Налево, за открытыми дверями, солидные люди играли в карты на трех столах. Может быть, они говорили между собою, но шум заглушал их голоса, а движения рук были так однообразны, как будто все двенадцать фигур были автоматами.
Марина, расхваливая певицу вполголоса, задумчиво села в угол, к столику, я, спросив чаю, коснулась пальцами локтя Самгина.
— Что какой хмурый?
— Смотрю, слушаю.
— Ага — этого? Здешний дон-Жуан…
В двух шагах от Клима, спиною к нему, стоял тонкий, стройный человек во фраке и, сам себе дирижируя рукою в широком обшлаге, звучно говорил двум толстякам:
— Да, революция — кончена! Но — не будем жаловаться на нее, — нам, интеллигенции, она принесла большую пользу. Она счистила, сбросила с нас все то лишнее, книжное, что мешало нам жить, как ракушки и водоросли на киле судна мешают ему плавать…
— Отслужил и — разоблачается, — тихонько усмехаясь, вставила Марина.
— Теперь перед нами — живое практическое дело…
— Сынок уездного предводителя дворянства, — шептала Марина.
— Благоустройство государства…
— Молчать! — рявкнул сиповатый голос. Самгин, вздрогнув, привстал, все головы повернулись к буфету, разноголосый говор притих, звучнее защелкали шары биллиарда, а когда стало совсем тихо, кто-то сказал уныло:
— Ну, что же? Играем трефы..
У буфета стоял поручик Трифонов, держась правой рукой за эфес шашки, а левой схватив за ворот лысого человека, который был на голову выше его; он дергал лысого на себя, отталкивал его и сипел:
— Защищать такую шваль, а она…
Лысый, покачиваясь, держа руки по швам, мычал.
— Позовите дежурного старшину! — крикнул человек во фраке и убежал в комнату картежников.

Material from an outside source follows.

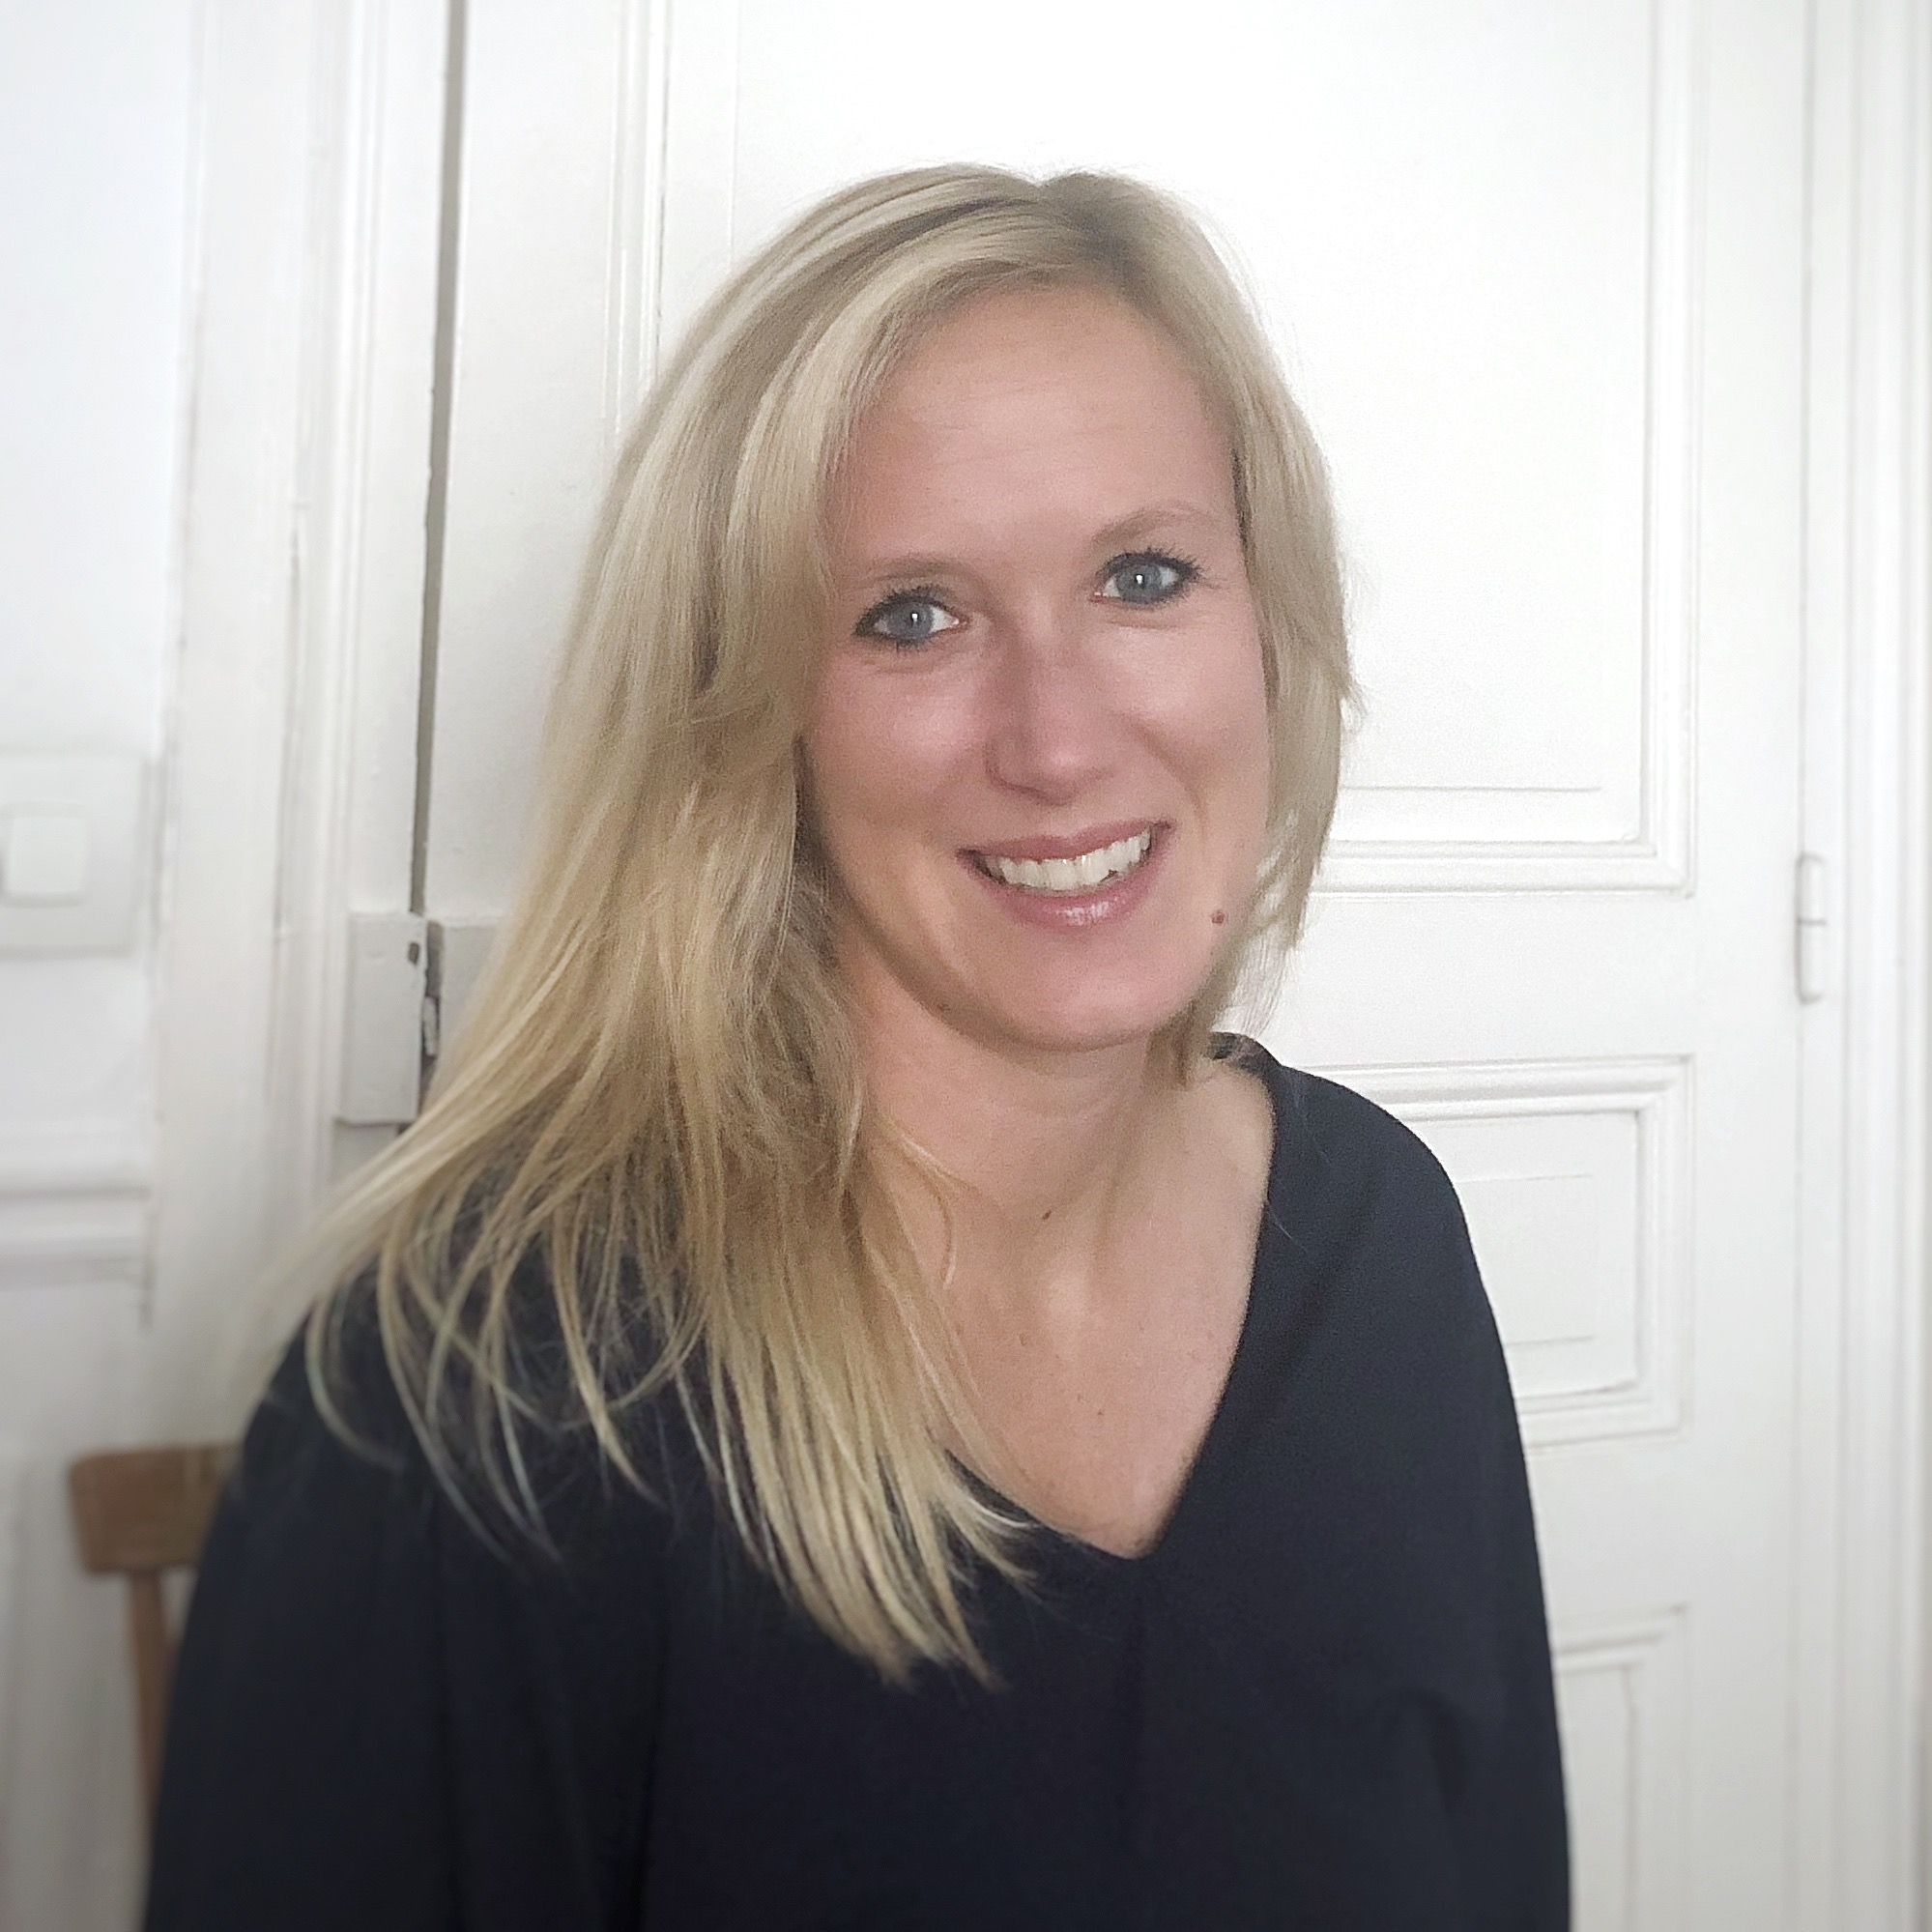 Charlotte Roux

— Личико-то какое — ух! — довольно равнодушно сказала Марина.
Самгин, не отрываясь, смотрел на багровое, уродливо вспухшее лицо и на грудь поручика; дышал поручик так бурно и часто, что беленький крест на груди его подскакивал. Публика быстро исчезала, — широкими шагами подошел к поручику человек в поддевке и, спрятав за спину руку с папиросой, спросил:
— Простите, — в чем дело?
— Пошел прочь, — устало сказал поручик, оттолкнув лысого, попытался взять рюмку с подноса, опрокинул ее и, ударив кулаком по стойке, засипел.
— А ты что, нарядился мужиком, болван? — закричал он на человека в поддевке. — Я мужиков — порю! Понимаешь? Песенки слушаете, картеж, биллиарды, а у меня люди обморожены, чорт вас возьми! И мне — отвечать за них.

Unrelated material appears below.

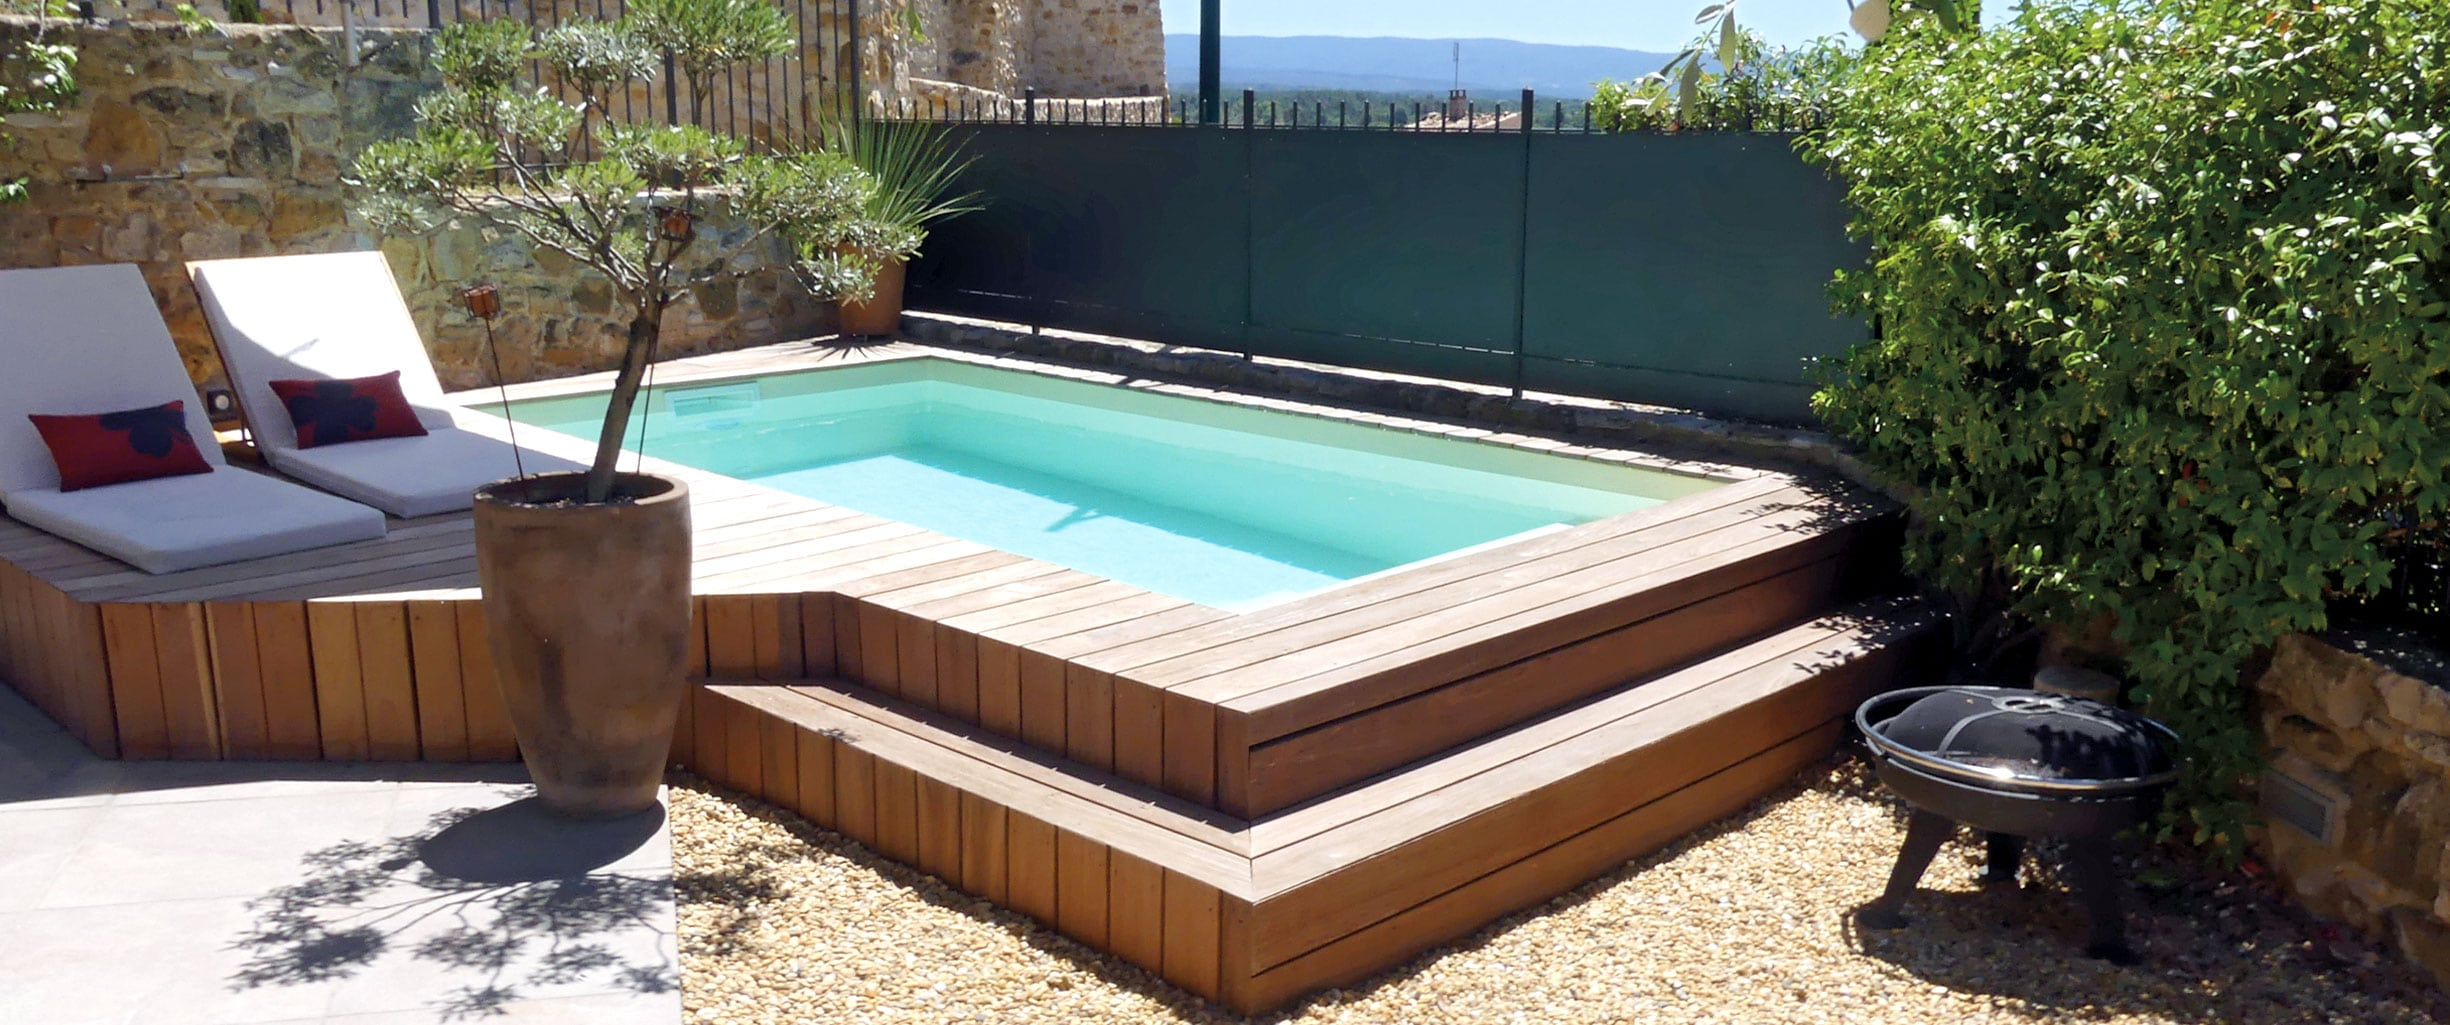 reglementations-piscine-coque_2450x1025px Quelles réglementations  pour les piscines à coque privées ?

Поручик, широко размахнув рукою, ударил себя в грудь и непечатно выругался…
— Позвоните коменданту, — крикнул бородатый человек и, схватив стул, отгородился им от поручика, — он, дергая эфес шашки, не придерживал ножны левой рукой.

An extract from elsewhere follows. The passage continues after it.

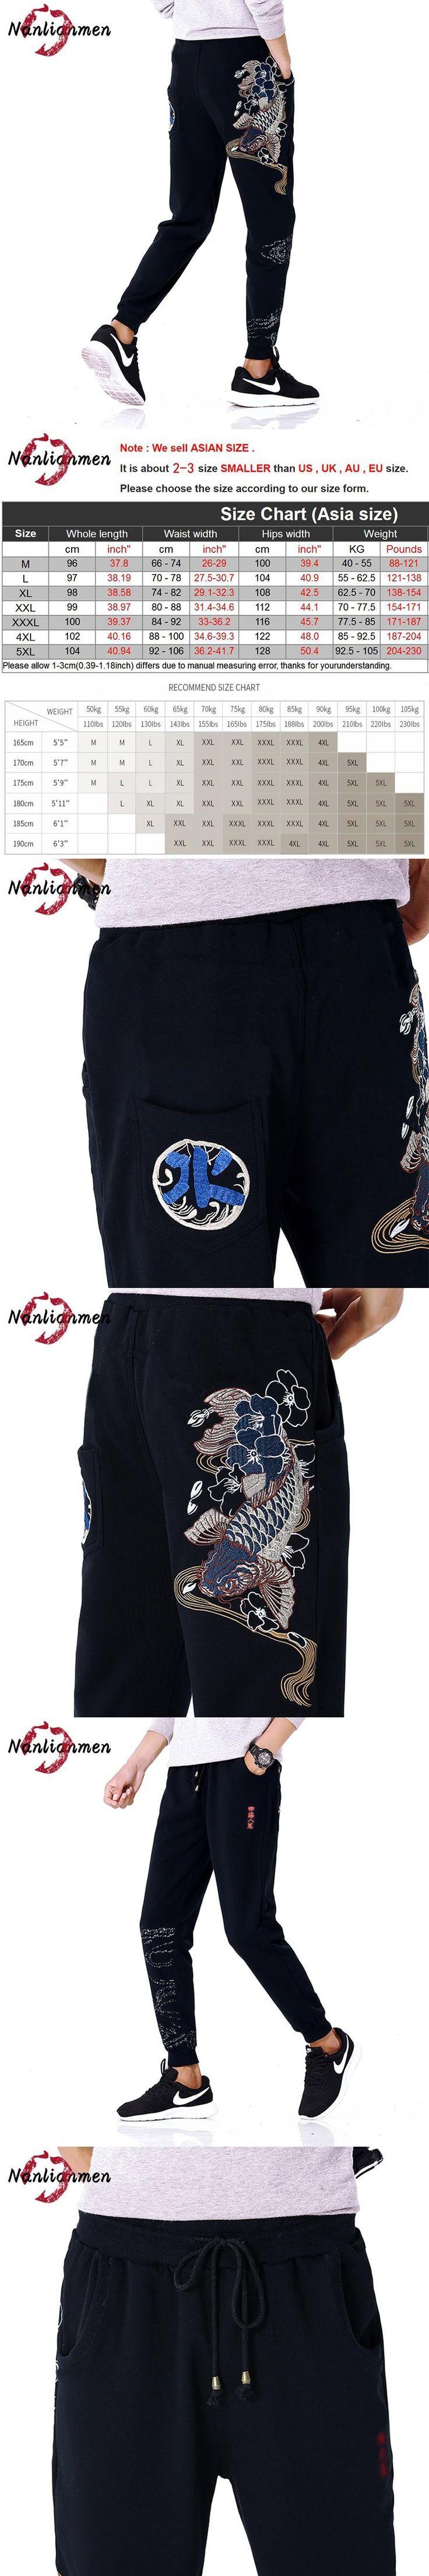 2017 New Chinese Style Carp Embroidery Casual Pants Men trousers men's Joggers pantalon hombre Male Sweatpants pantalon chandal

— Ну — пойдем, — предложила Марина. Самгин отрицательно качнул головою, но она взяла его под руку и повела прочь. Из биллиардной выскочил, отирая руки платком, высокий, тонконогий офицер, — он побежал к буфету такими мелкими шагами, что Марина заметила:
— Бежит, а — не торопится.
— Делают революцию, потом орут, негодяи, — защищай! — кричал поручик; офицер подошел вплотную к нему и грозно высморкался, точно желая заглушить бешеный крик.
— У тебя ужасное лицо, что ты? — шептала Марина в ухо Самгину, — он пробормотал:
— Я в одном купе с ним ехал. Он — на усмирение. Он — ненормален…
— Ой, нехорош ты, нехорош, — сказала Марина, входя на лестницу.
Дробно звонил колокольчик, кто-то отчаянно взывал:
— Господа! Начинается второе отделение концерта…
На лестнице Марина выпустила руку Самгина, — он тотчас же сошел вниз в гардеробную, оделся и пошел домой. Густо падали хлопья снега, тихонько шуршал ветер, уплотняя тишину.
«Чего я испугался? — соображал Самгин, медленно шагая. — Нехорош, сказала она… Что это значит? Равнодушная корова», — обругал он Марину, но тотчас же почувствовал, что его раздражение не касается этой женщины.
«Поручик пьян или сошел с ума, но он — прав! Возможно, что я тоже закричу. Каждый разумный человек должен кричать: «Не смейте насиловать меня!»
Вместе е пьяным ревом поручика в памяти звучали слова о старинной, милой красоте, о ракушках и водорослях на киле судна, о том, что революция кончена.
«Ложь! — мысленно кричал Самгин. — Не кончена. Не может быть кончена, пока не перестанут пытать мое я…»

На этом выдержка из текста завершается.